I am here it seams to be shaping up to be a good day. if not so what. then tomorrow will be better

Aug 12th, 2008

Here we are

Sitting on a Tuesday wondering why the hell I come in here every fucking day. But then I remember fuck I need food and roof over my head and all that shit I didn't need as a reckless teen. I miss no obligations. don't get me wrong I love my family but shit sometimes I wish I could pack up my car and just drive off.

It'll pass.... I hope

Aug 7th, 2008

Oh why isn't it Friday

Would be nice but it is just Thursday. People are complaining and slacking off and I am working my ass off. Not at all a situation that I like. But I get my shit done no matter what. OK back to the grind just needed a second.

Aug 5th, 2008

Tuesday

Well it is Tuesday and I am at work again. Man do we really need to do this 5 days a week. I think I could get the same amount done in 4 - 10 hour days. but nnnooo my company has to suck. Well I am here and feeling kinda good today i just put on a skirt this morning out the closet and it is too big. I wore it anyways cause I couldn't find another black skirt of the right material and length so here I am with my skirt spinning and I don't care I am shrinking finally. YA diet and exercise!!


Aug 1st, 2008

I NEED A NEW FUCKING JOB

I am so sick of these people.
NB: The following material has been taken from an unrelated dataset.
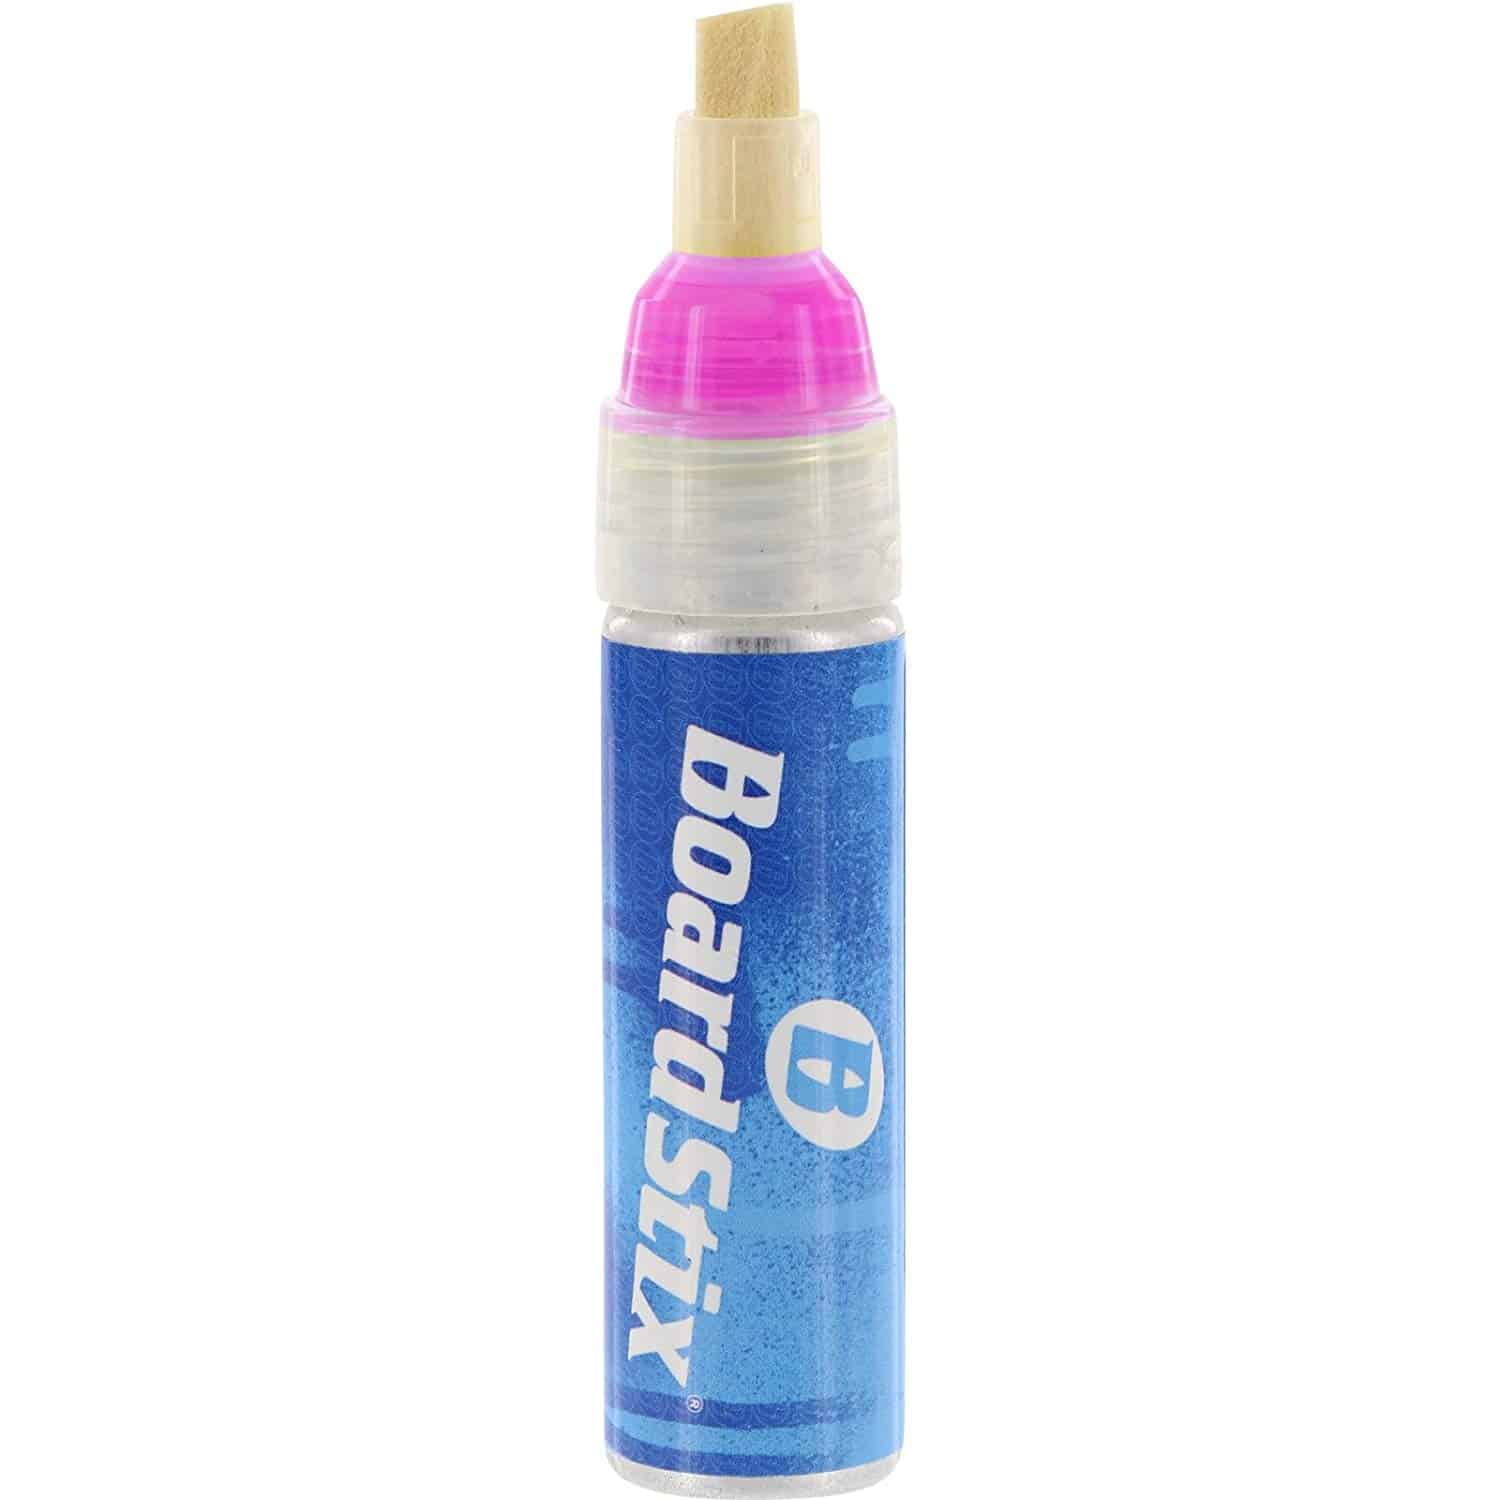 Paint Pen - Chisel Tip - 5mm - Fluorescent Pink

I need out. I stuck it out in college and got a double major to go to work right at the beginning of the shrub years... no good pay, worse job moral, and even worse commute. Now I am still her 3 years later FUCK in 10 days it will be 3 years, 3 long hard tiring years. MAN I need out.


Jul 30th, 2008

Wednesday

I am older and maybe a little wiser. At work before the sun and thinking about the weekend already.


Jul 29th, 2008

Today is My BIRTHDAY!!

OK today is my Birthday and last night I started my new work out regiment. So I think I am doing good. Now if I can just keep all the bad thoughts and negativity of the world away from me I might be able to keep it up...

Live it Like it Love it

My mood: extremely feisty

Tuesday, May 19

Consolidation Time

Well it’s been a few months since I have been blogging here on blogger. I have been keeping things typed up else where so the next few posts will have dates of when they were originally typed up. I will be posting them here to consolidate things a bit.